Re-seeding bare spots in the lawn
Lawns are exposed to more or less heavy loads during the course of the year. So it’s not surprising if one or the other bare spot appears at some point. To close these gaps, you can reseed in late summer or fall. September is the best time, because then the soil is still warm enough to make it easier for the seeds to germinate. If these gaps are left in the lawn, unwanted and sometimes stubborn lawn weeds can quickly establish themselves.
- Before sowing, mow the lawn as deep as possible
- Remove lawn clippings completely afterwards
- After mowing, roughen affected areas
- Preferably with the scarifier
- Slightly scarify the surface of the soil
- Then remove last moss residues as well as dead plant and root residues
- Loosen poor soil and ensure better water drainage
- In the case of sandy soils, it is advisable to mix in clay powder.
- Loosen heavy, loamy soils by working in sand
- If necessary, level again afterwards
- Fill depressions with sandy topsoil, remove elevations
Reseeding the lawn
For reseeding, fill a container with the lawn seed and mix well. Then spread the seeds again evenly lengthwise and crosswise and work them into the turf. Immediately after sowing and in the first weeks after, it is necessary to water regularly, usually several times a day. The soil should be constantly moist. Dryness, even for a short time, will cause the seedlings to die quickly. After about two weeks, the seeds have emerged over a wide area. However, this does not mean that watering is no longer necessary, because constant watering is still essential until the first lawn cut.
Pay attention to high-quality lawn seed
The best soil is of no use if the lawn seed is inferior. Choosing the right seed is first about the right type of lawn. Seed mixtures vary depending on subsequent use. For example, grasses of a play and utility lawn must withstand significantly more stress than, for example, an ornamental lawn, which is much more maintenance-intensive.

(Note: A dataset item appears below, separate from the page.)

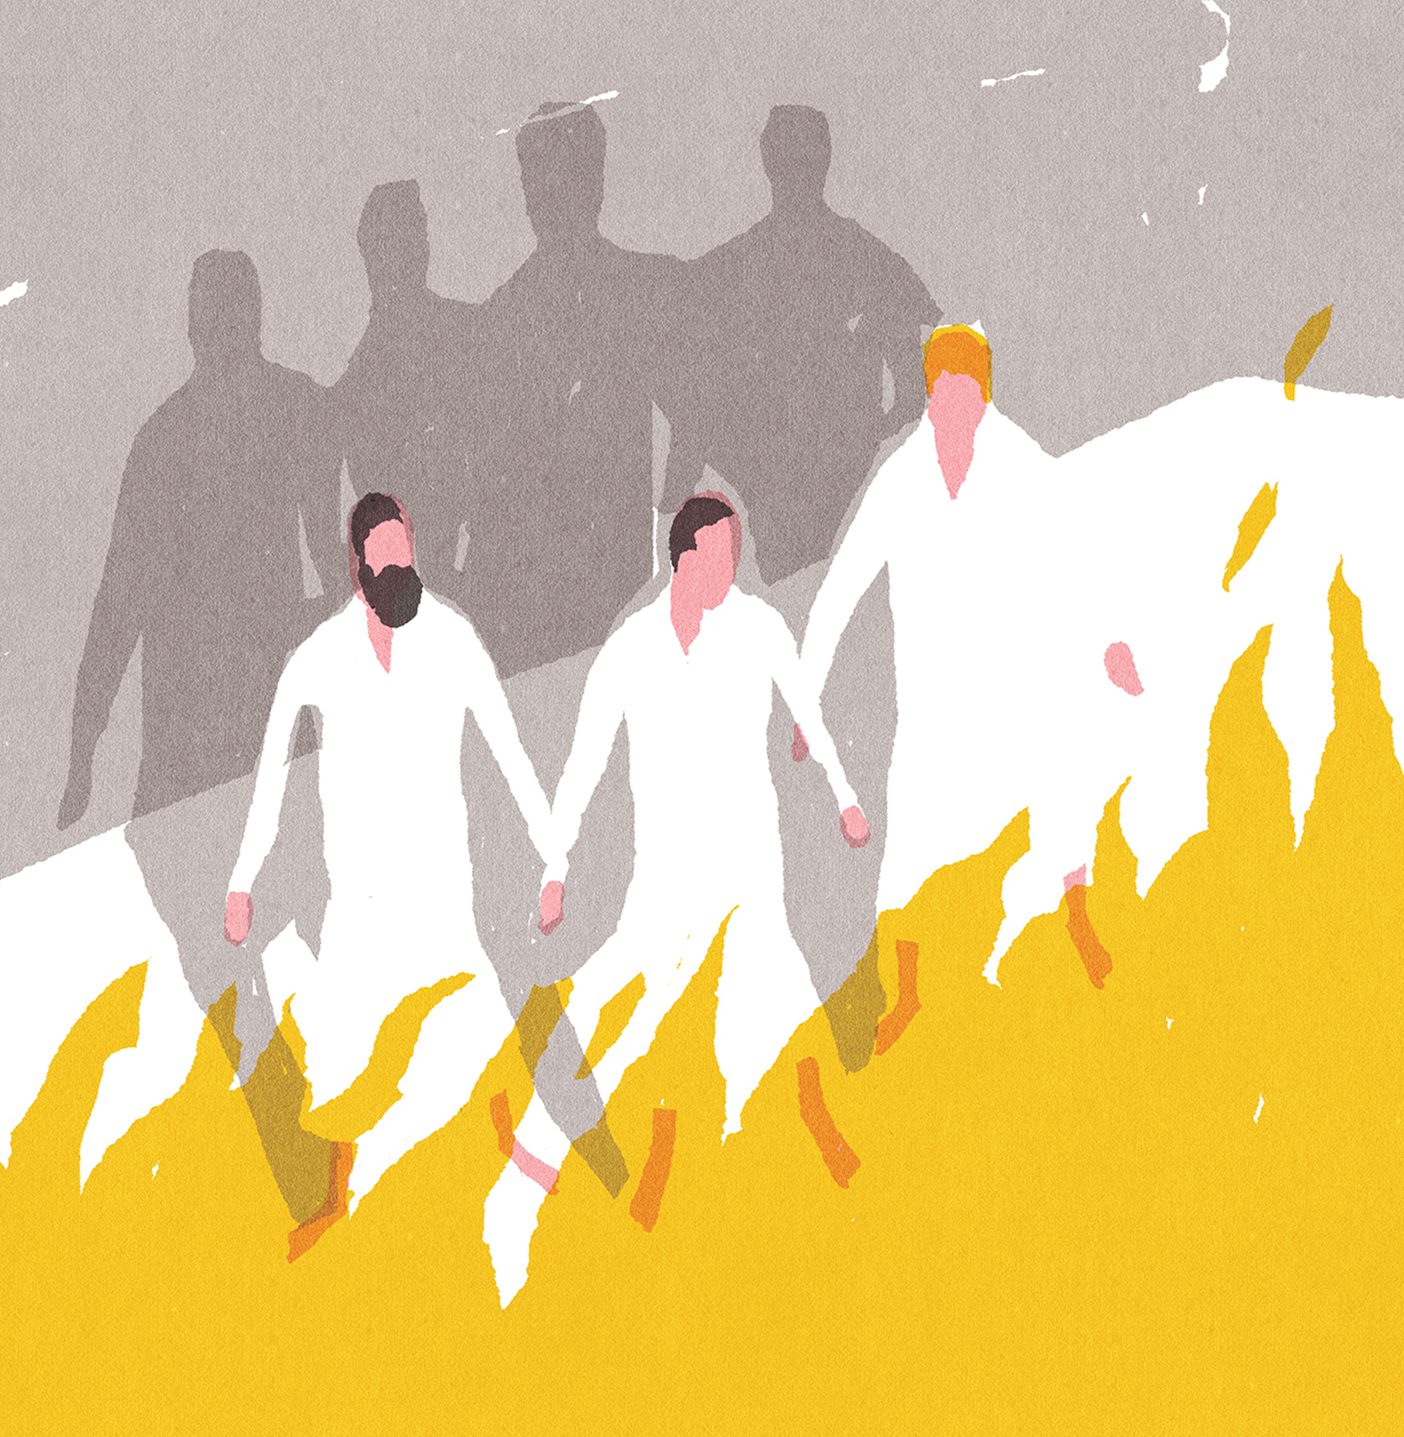 Illustration of men dressed in white standing together against a fire.

Shade turf is best for darker areas under trees and shrubs.
In general, you need a much higher quantity of low-quality seeds than high-quality mixtures. Cheap mixtures usually germinate faster than high-quality ones. However, the latter form a more uniform and, above all, denser turf. Even though quality seed is somewhat more expensive, you need significantly less seed per square meter, which justifies the higher price. It is recommended to always use a so-called regular seed mixture. It guarantees a good mixing ratio of grass species and quality in terms of germination.